Each of the sockets 40 have a first portion 42 in which the outer
perimeter of the socket is completely encapsulated within the body
18 and a respective one of the sheaths 38 of the female member 14,
and a second portion 44 that extends outwardly from the second face
surface 36 of the body 18. Preferably, a plurality of annular
grooves are provided along at least a portion of the length of the
outer surface of the sockets 40 to assure retention of the socket
in the body 18 and enhance sealing between the socket 40 and the
body. The second portion 44 of the sockets 40 preferably have a
solder lug formed on an outer end for attachment of a wire
conductor (not shown).
The electrical connector 10 embodying the present invention also
has an elastomeric coupling member 46 that is preferably formed of
an injection moldable, resiliently compressible and electrically
nonconductive material such as thermoplastic rubber. In particular,
it has been found that a blend of polyethylene and neoprene rubber,
provides the resilience and compressibility desirable for sealing
the sheaths as described below in more detail. Preferably, after
curing, the coupling member 46 has a hardness of from about 40 to
about 70 durometer as measured by the Shore A scale.

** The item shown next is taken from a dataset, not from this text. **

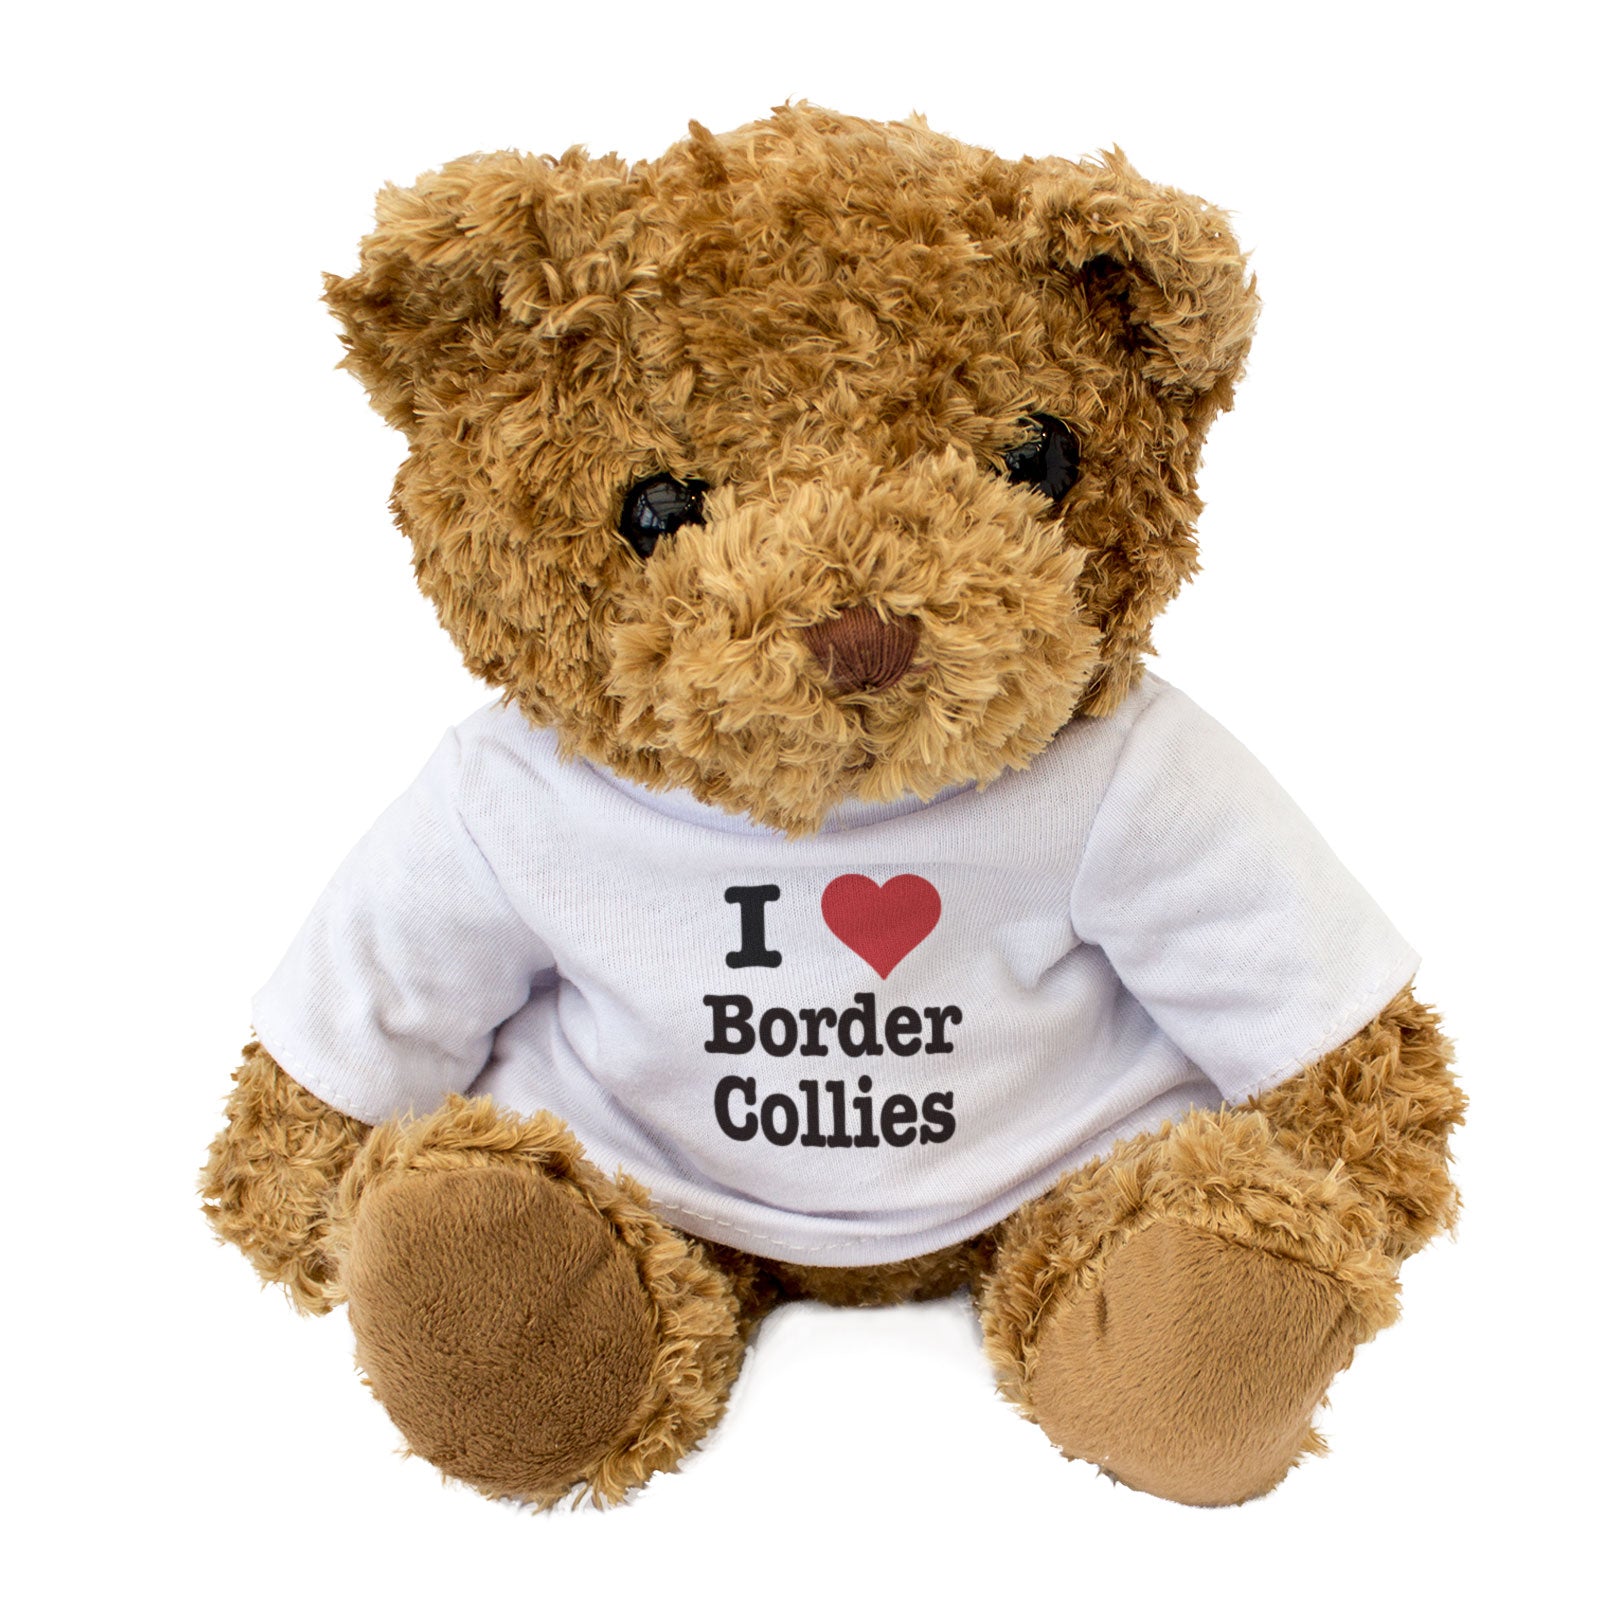 I Love Border Collies - Teddy Bear

Alternatively, the coupling member 46 may be advantageously formed
of two separate materials, as shown in FIG. 4. In the alternative
construction, the coupling member 46 has a body portion 96 that is
formed of a relatively soft, resiliently compressible material,
such as the above described blend of polyethylene and neoprene
rubber, and a thin external casing 98, formed of a flexible
nonconductive material having a hardness greater than that of the
body portion 96. The casing 98 is disposed about the
circumferential surface areas of the body portion 96 and may extend
over one, or both, of the ends of the coupling member 96.

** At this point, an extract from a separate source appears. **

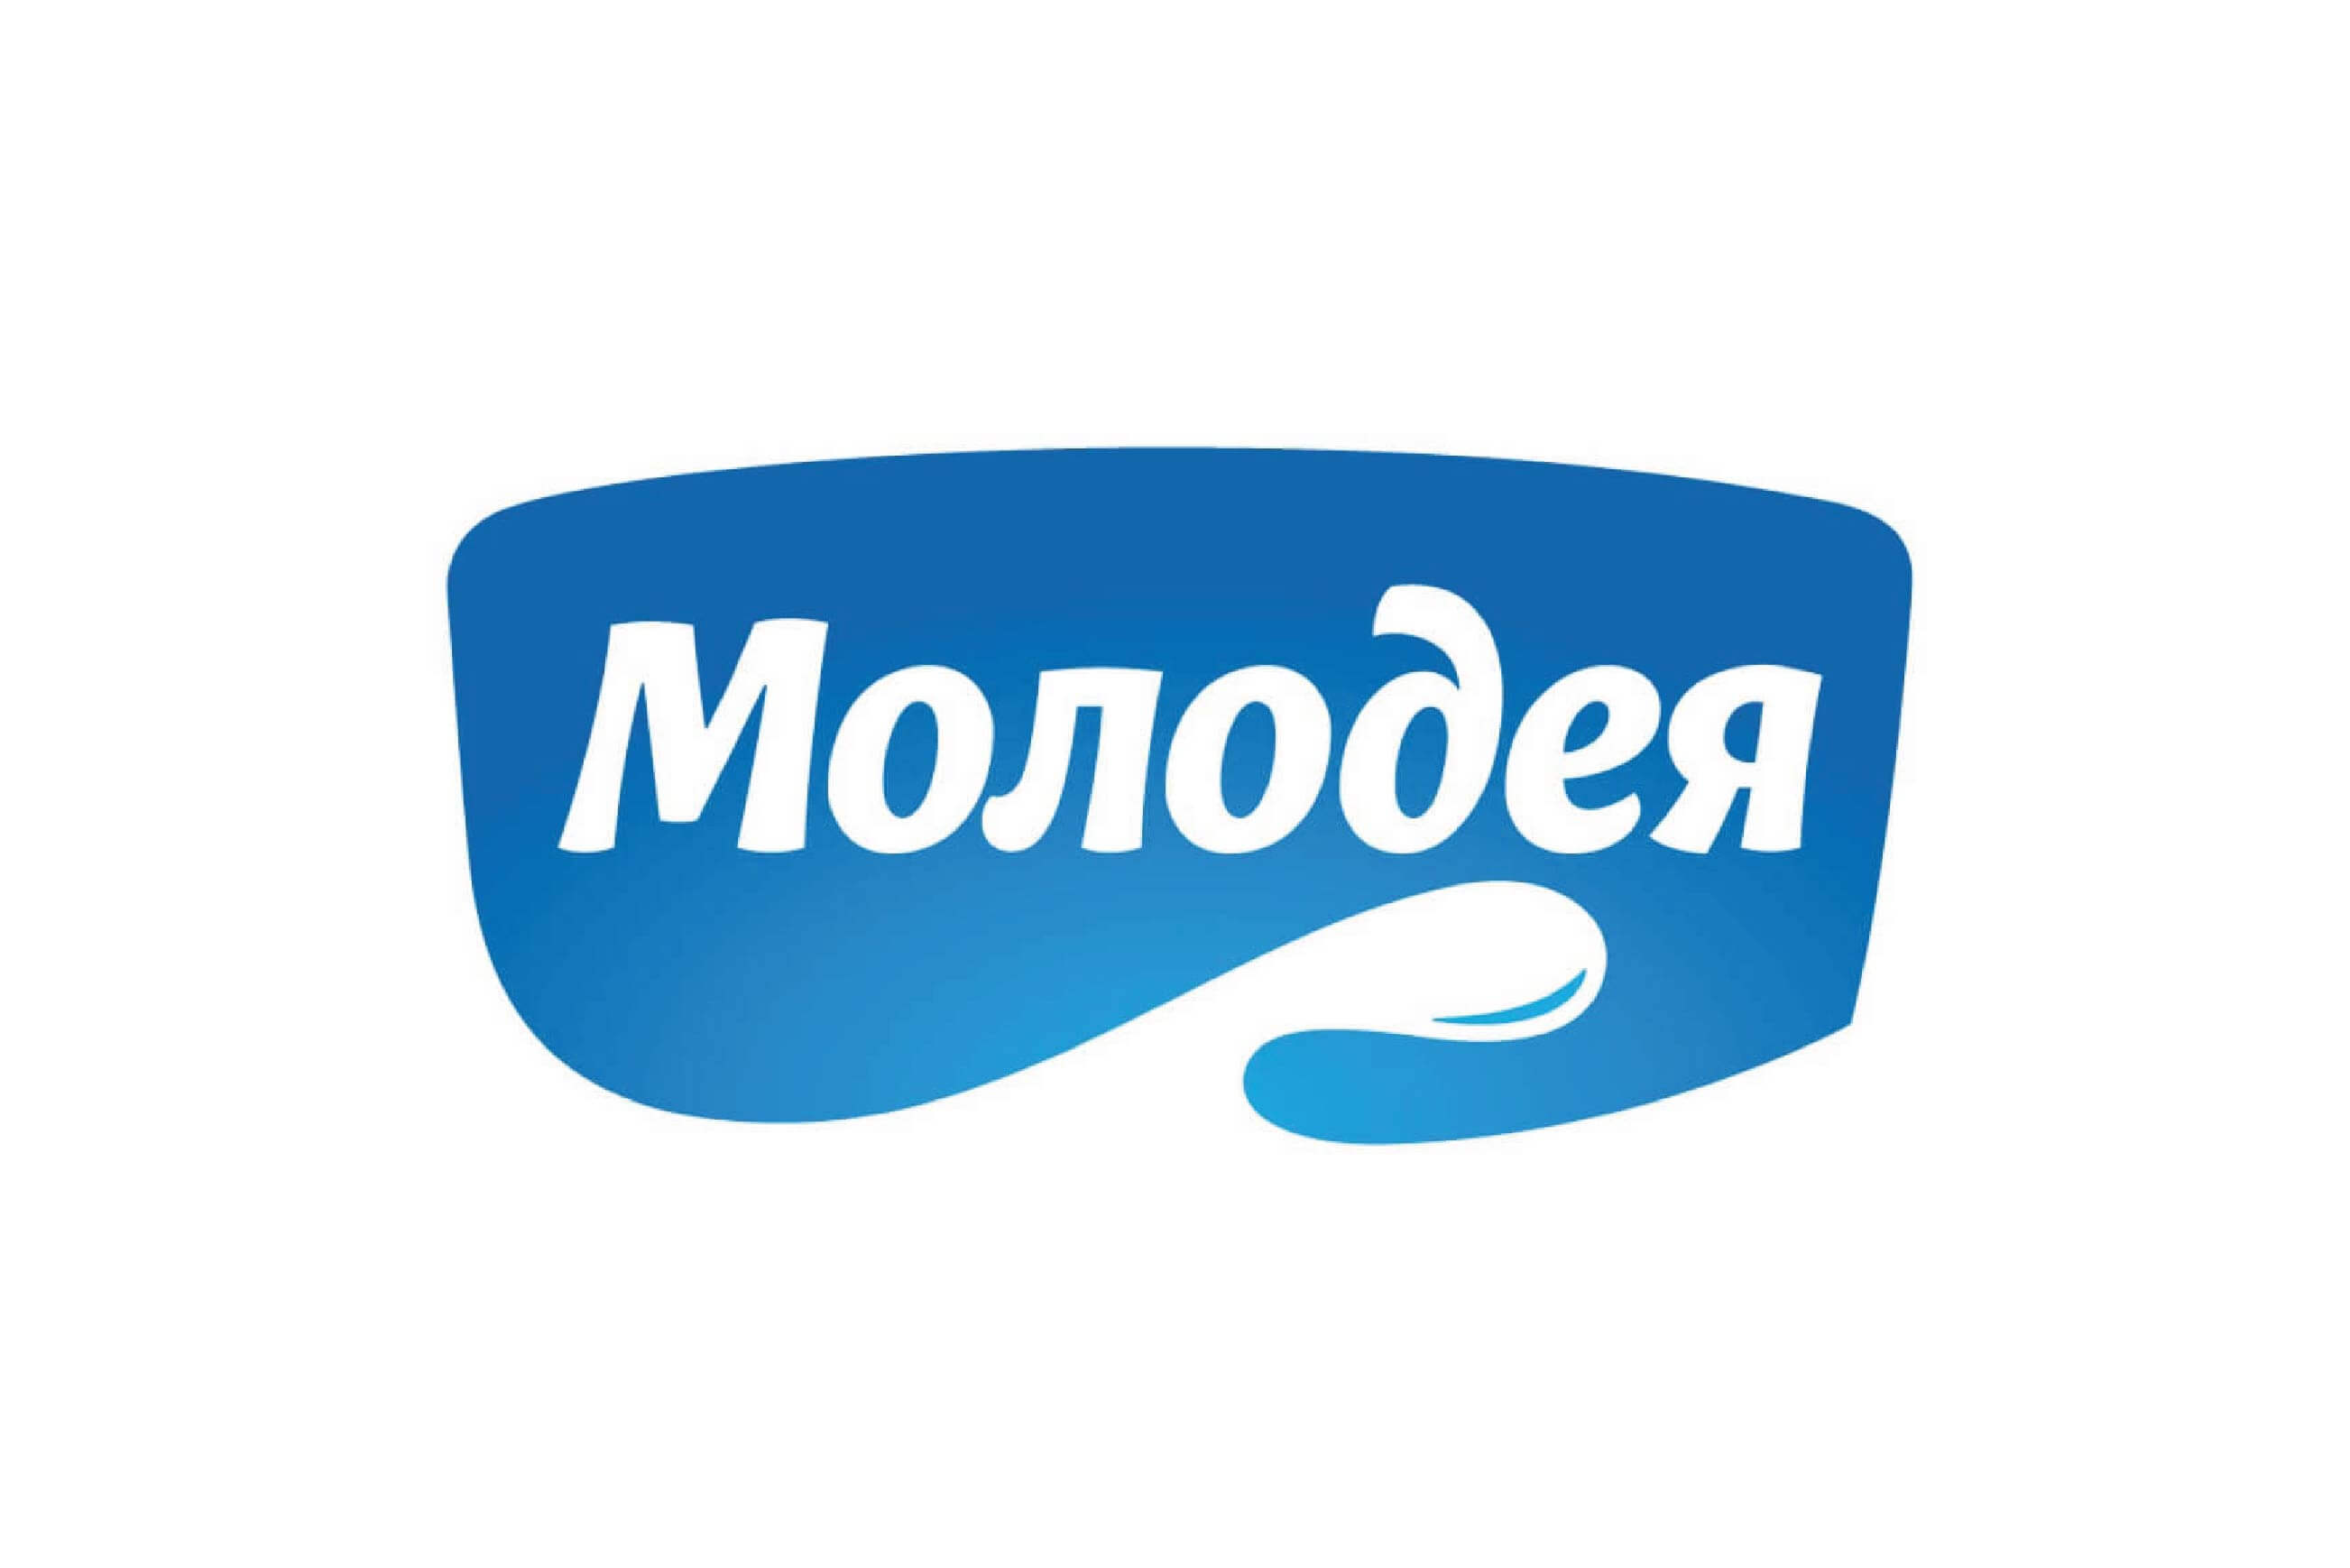 Molodeya logo

Desirably, the casing 98 is formed of a material such as high
density polyethylene that, during molding, is self-bonding to the
body portion 96. Other suitable self-bonding materials include
polyurethane having a hardness from about 40 to about 70 durometer
(Shore A scale) for the body portion 96 and a harder, glass filled
polyurethane for the casing 98. In a preferred embodiment of the
alternative construction of the coupling member 46, the casing 98
has a thickness of about 0.050 in (0.13 mm) in the areas
surrounding the cylindrical peripheral surface of the body portion
96, and a thickness of about 0.100 in (0.25 mm) in the radial areas
over, or adjacent, the end faces.
The coupling member 46 has a first face surface 48 that is shaped
to abut the first face surface 24 of the male member 12, and a
second face surface 50 that is shaped to enable it to abut the
first face surface 34 of the female member 14.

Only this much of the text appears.